▶ **INSTRUCTIONS FOR THE TASK**: Below are the records. Reproduce exactly the lines from the one containing "438892c61e0 Buy Steve" through the final line, and omit any pictures.

((

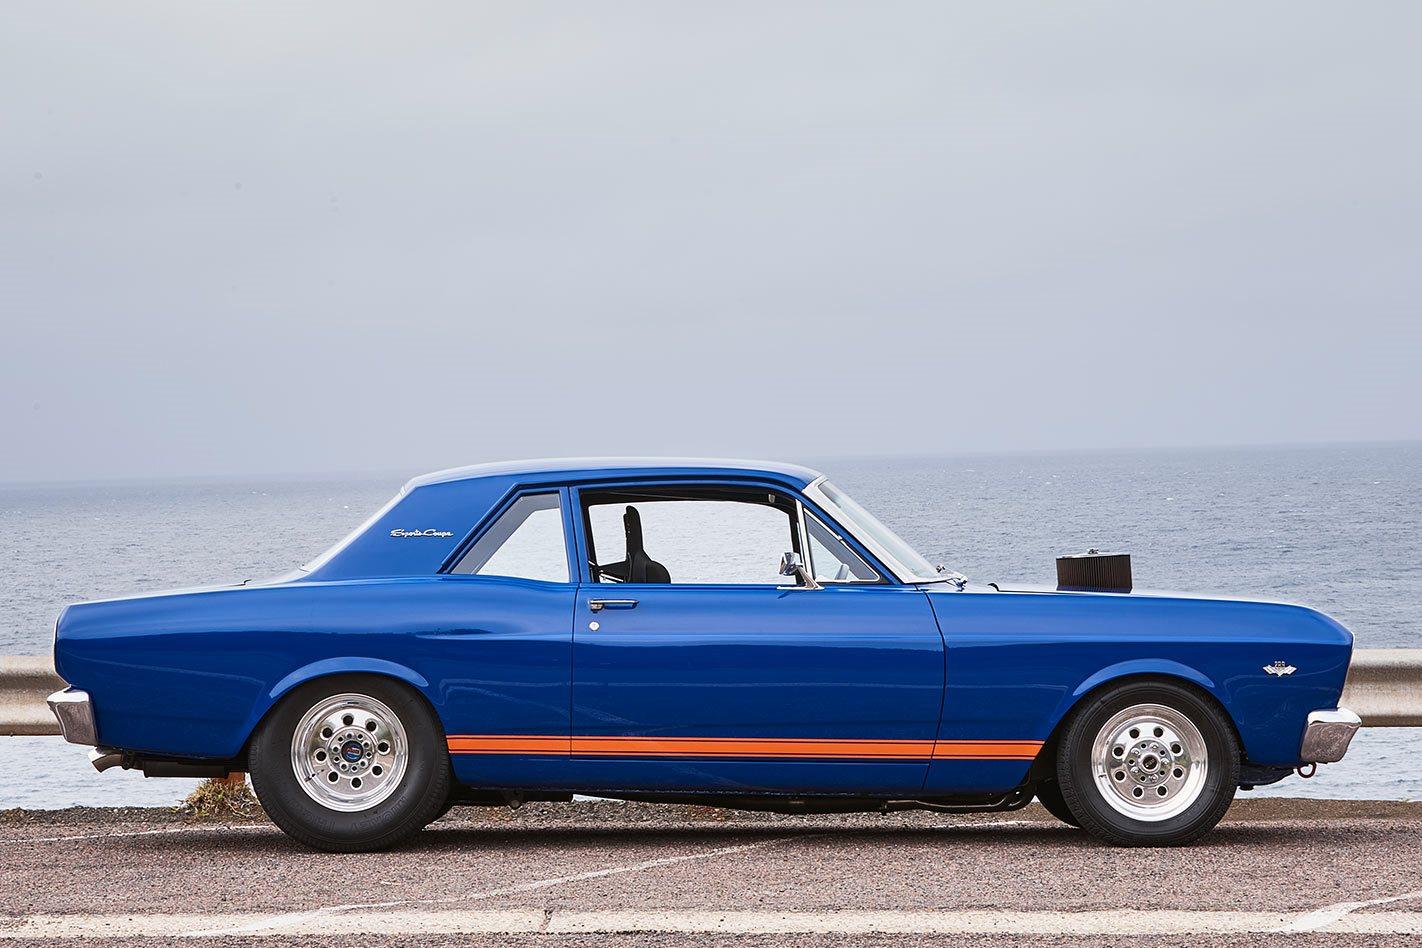 Ford futura sports coupe
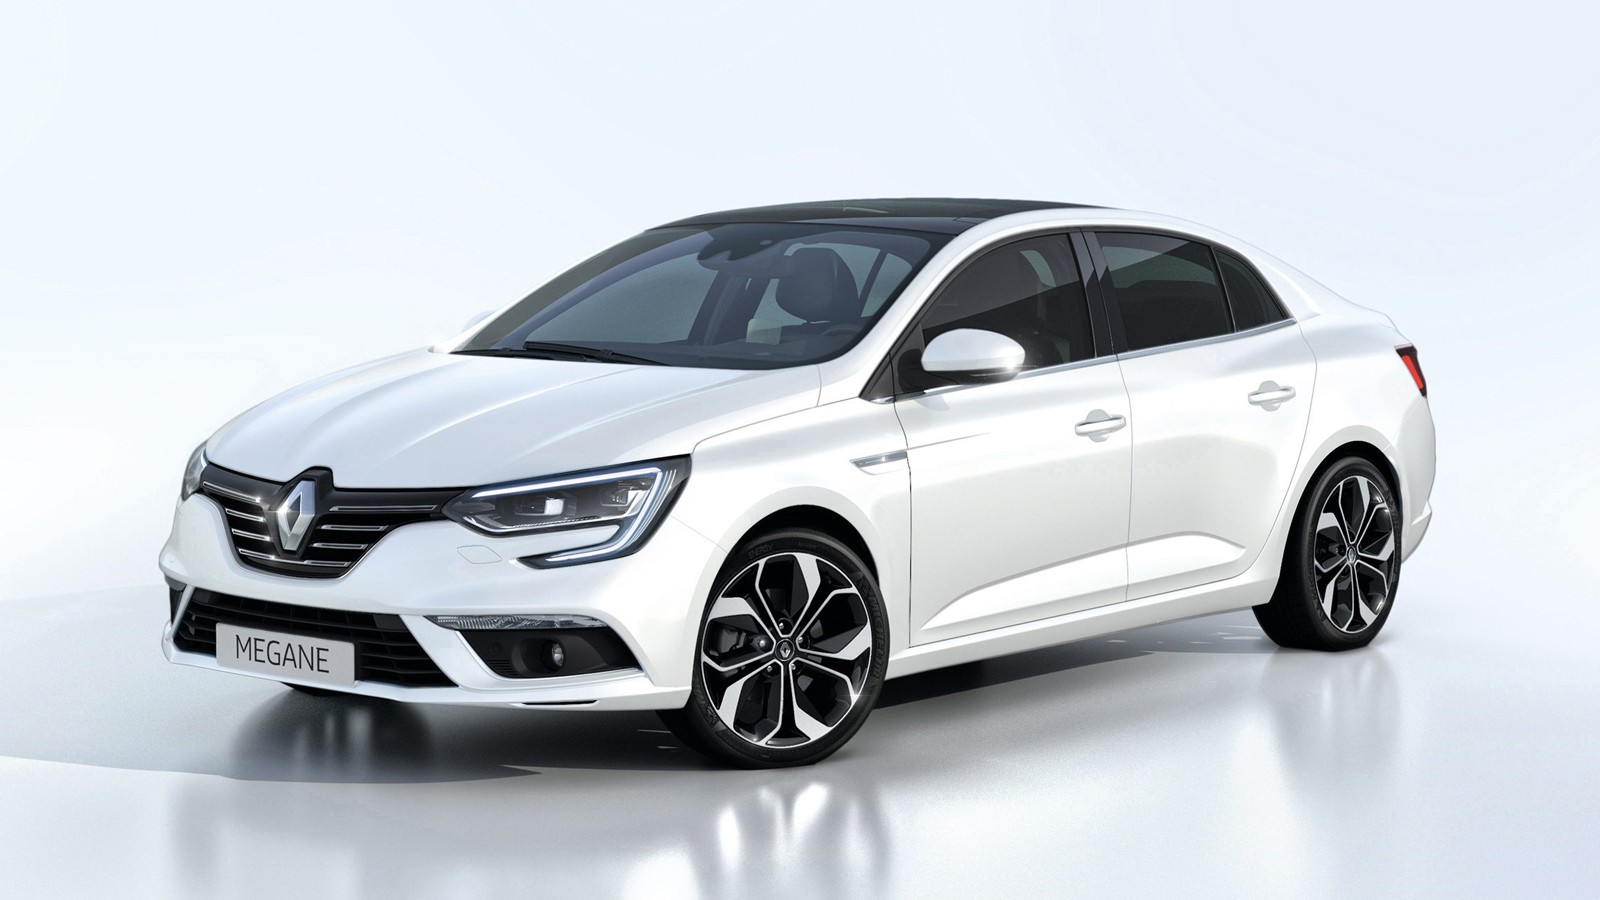 Renault Megane Paris front
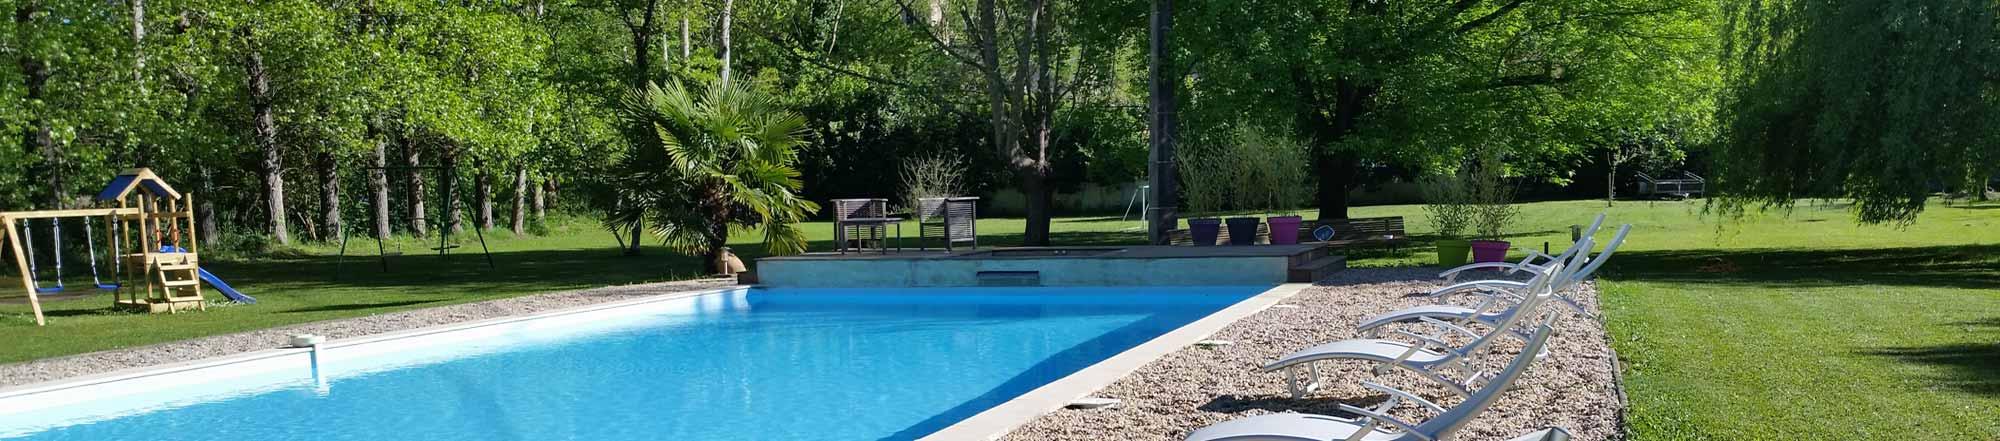 Gite Périgord Noir Dordogne Gîtes de charme avec piscine
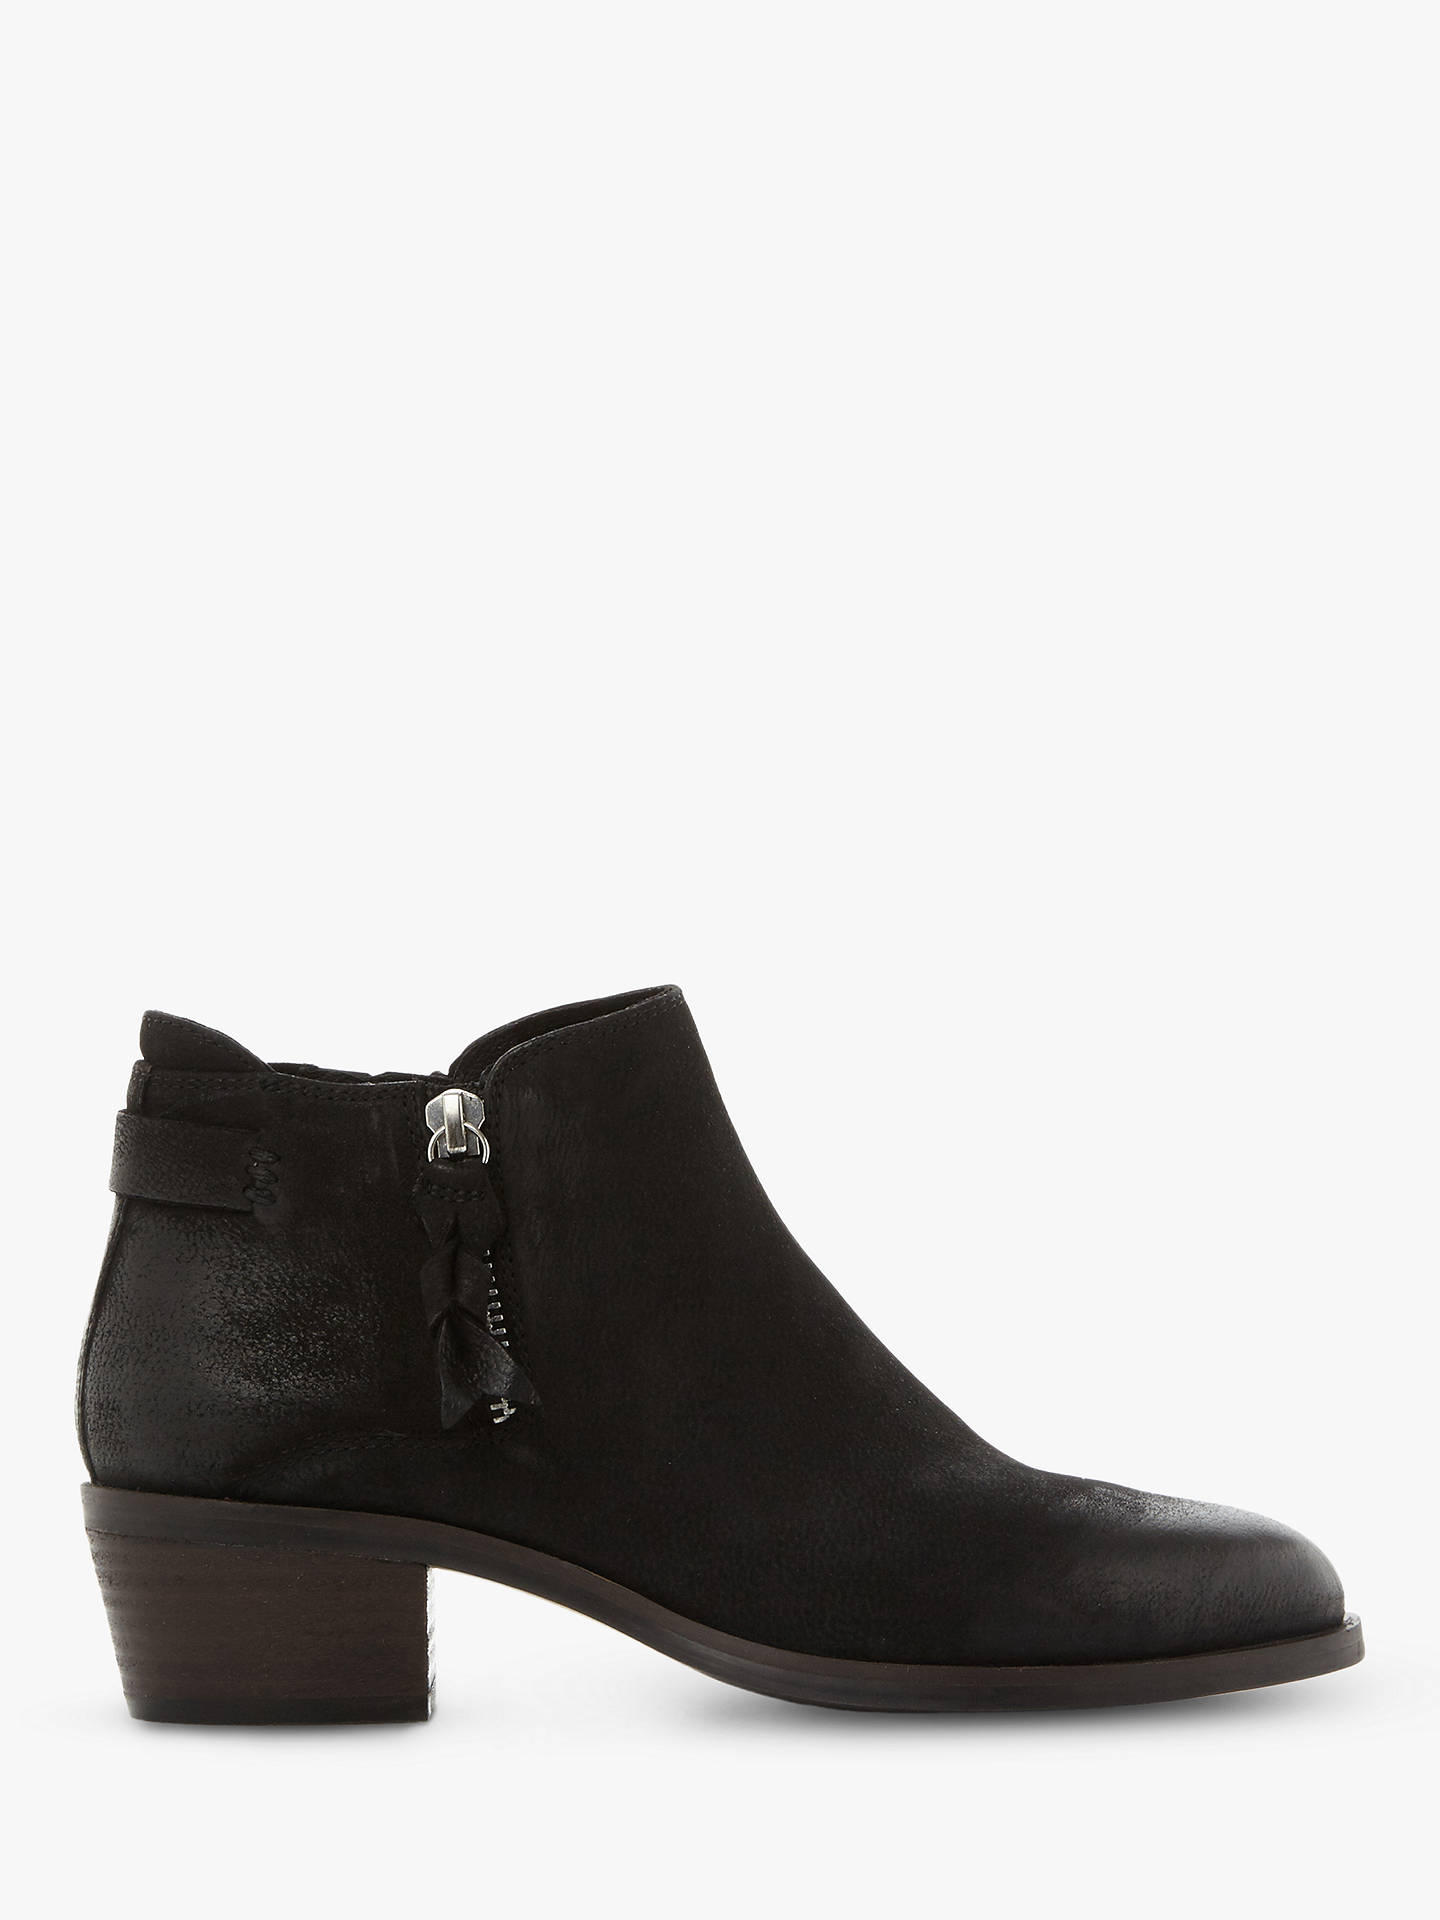 438892c61e0 Buy Steve Madden Kyle Block Heeled Ankle Chelsea Boots
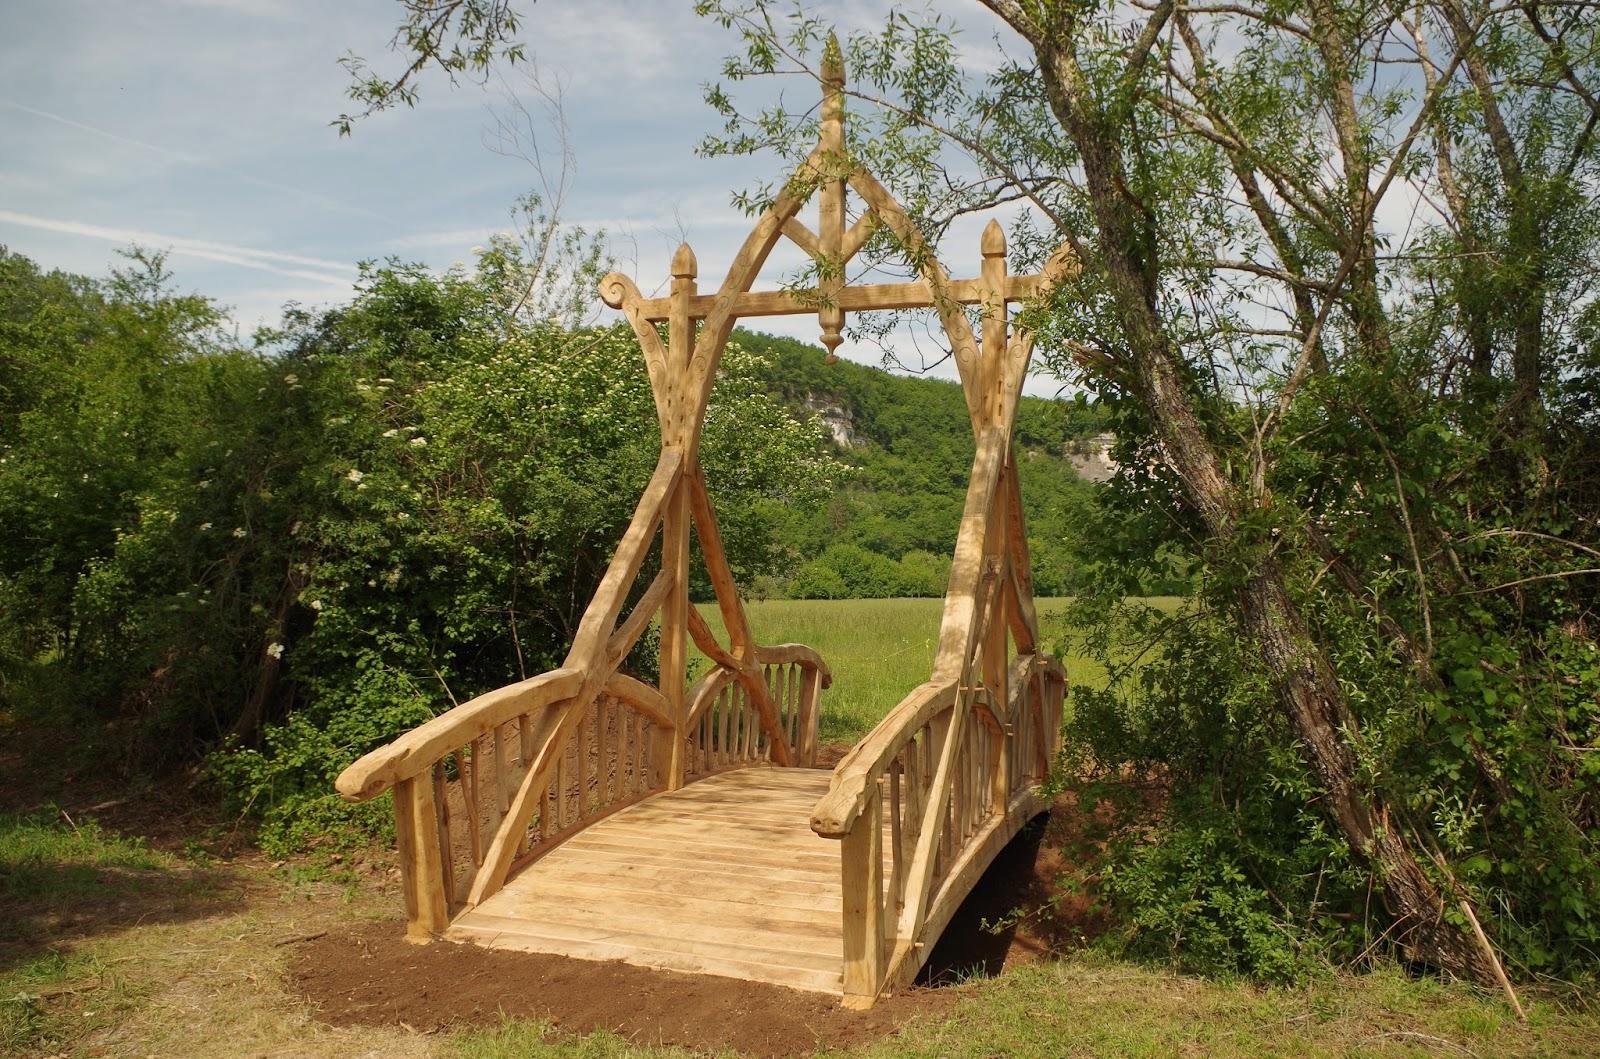 Petit pont de bois dans la vall e de la v z re - Petit pont en bois ...

))

▶ **RESPONSE TO THIS TASK**:
 438892c61e0 Buy Steve Madden Kyle Block Heeled Ankle Chelsea Boots
 Petit pont de bois dans la vall e de la v z re - Petit pont en bois ...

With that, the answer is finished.